Maria Inez Matoso Silveira, Phd. (Universidade Federal de Alagoas)

Resumo: A retextualização é uma prática discursiva muito freqüente nas rotinas de nossas vidas. Neste

artigo, descreve-se sucintamente o processo de retextualização, considerando alguns componentes

importantes, tais como a modalidade (oralidade / escrita) e a noção de gênero textual. Como forma de

aplicação, propõe-se uma atividade de retextualização a partir de uma situação dada.

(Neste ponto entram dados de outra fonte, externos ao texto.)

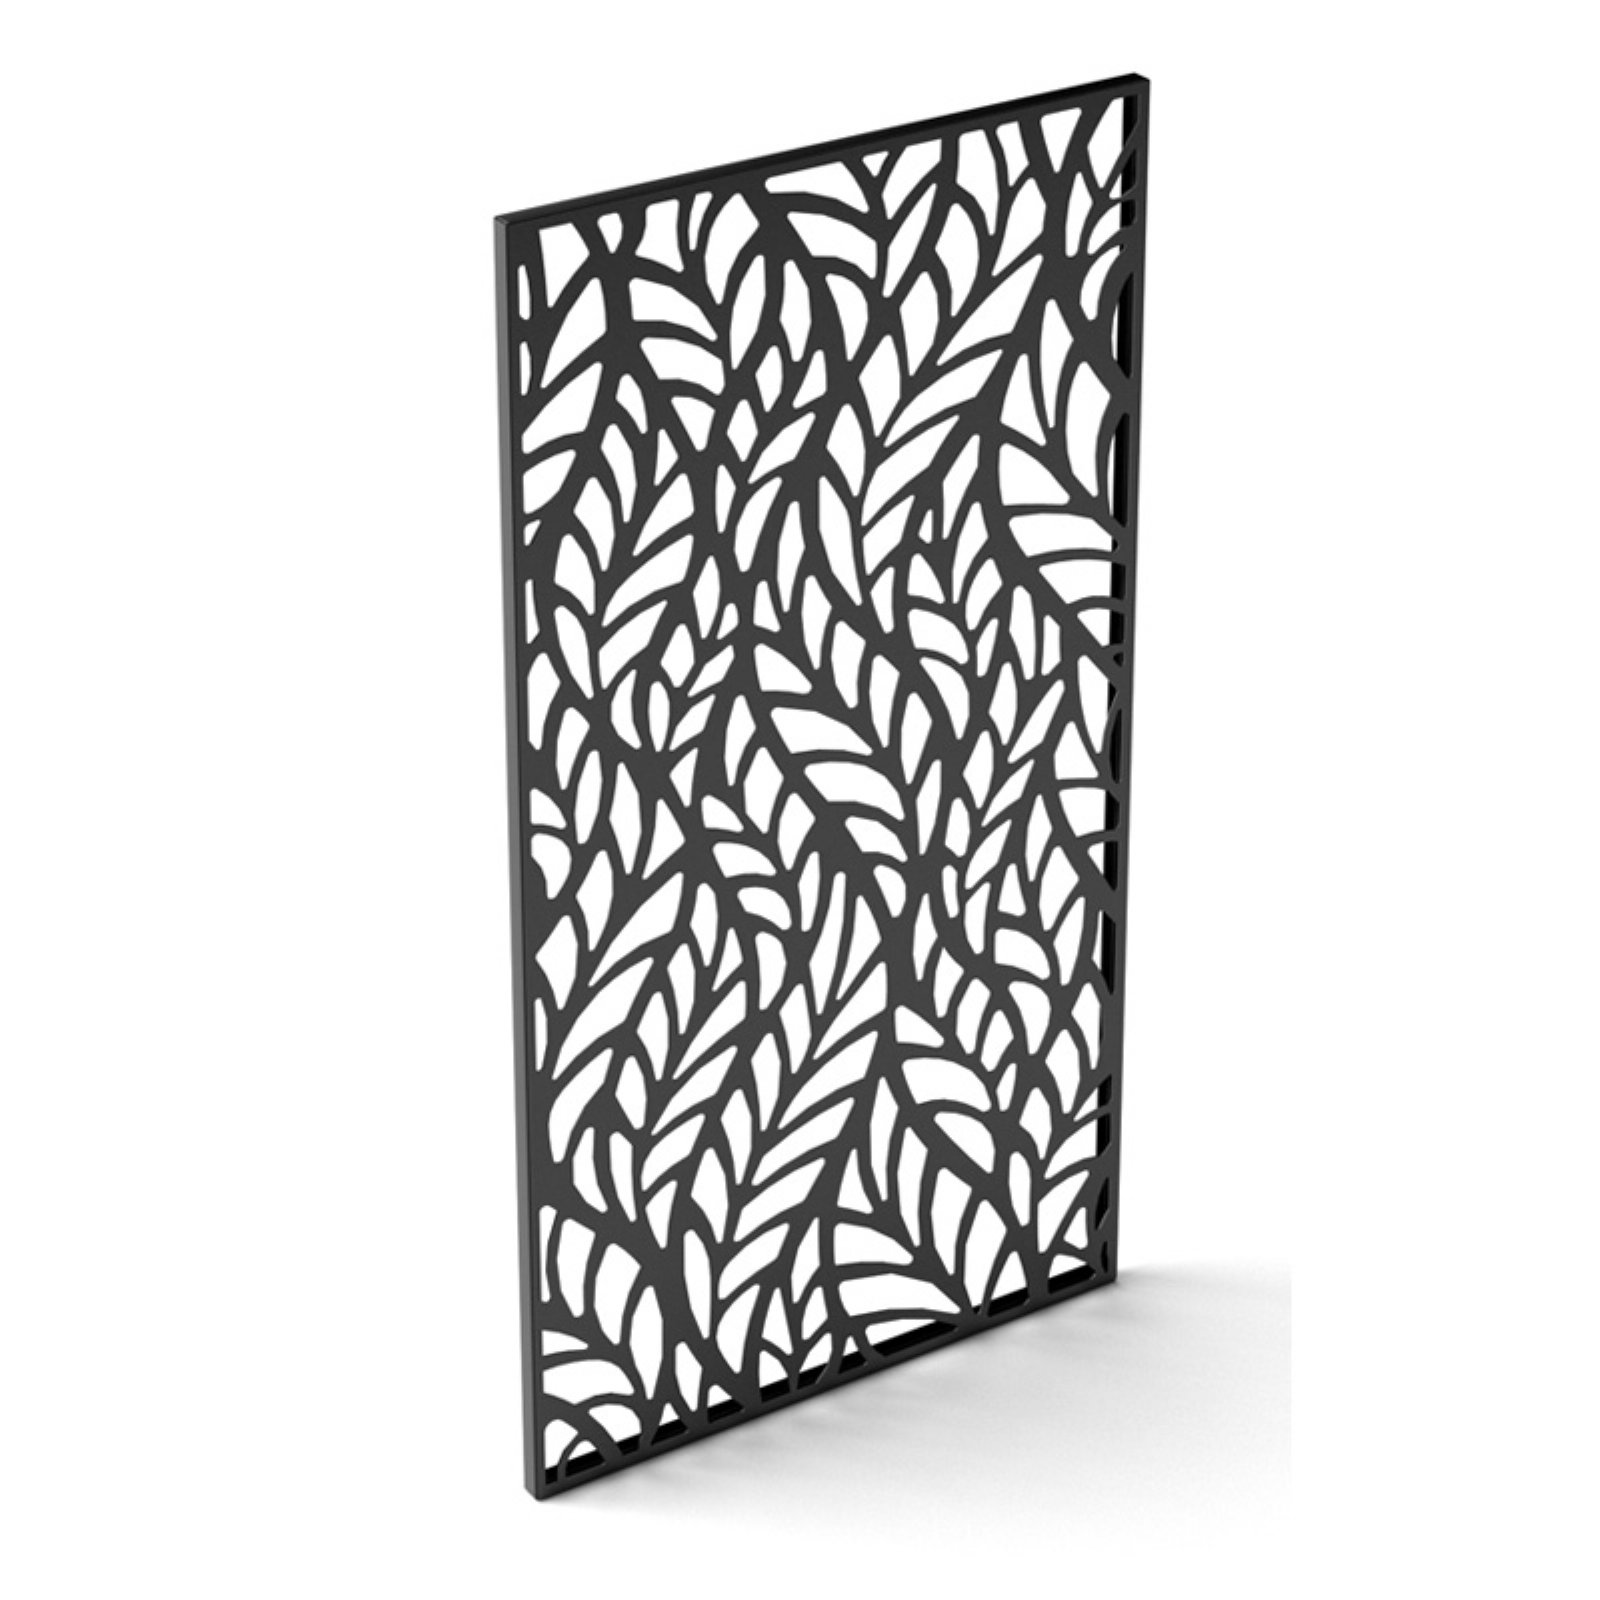 Veradek Flowleaf Outdoor Decorative Privacy Screen Panel

Palavras-chave: retextualização – oralidade e escrita – gênero textual

1. Introdução

Imagine-se uma situação em que, numa instituição de ensino, o coordenador de

um curso fala para uma turma de alunos avisando sobre um evento que aconteceria na

semana seguinte. Imagine-se também que, depois, um cartaz foi afixado no mural

divulgando esse evento. Quais seriam as diferenças entre os dois textos – o falado, avisando

sobre o evento; e o escrito, também sobre o evento, mas em forma de um cartaz?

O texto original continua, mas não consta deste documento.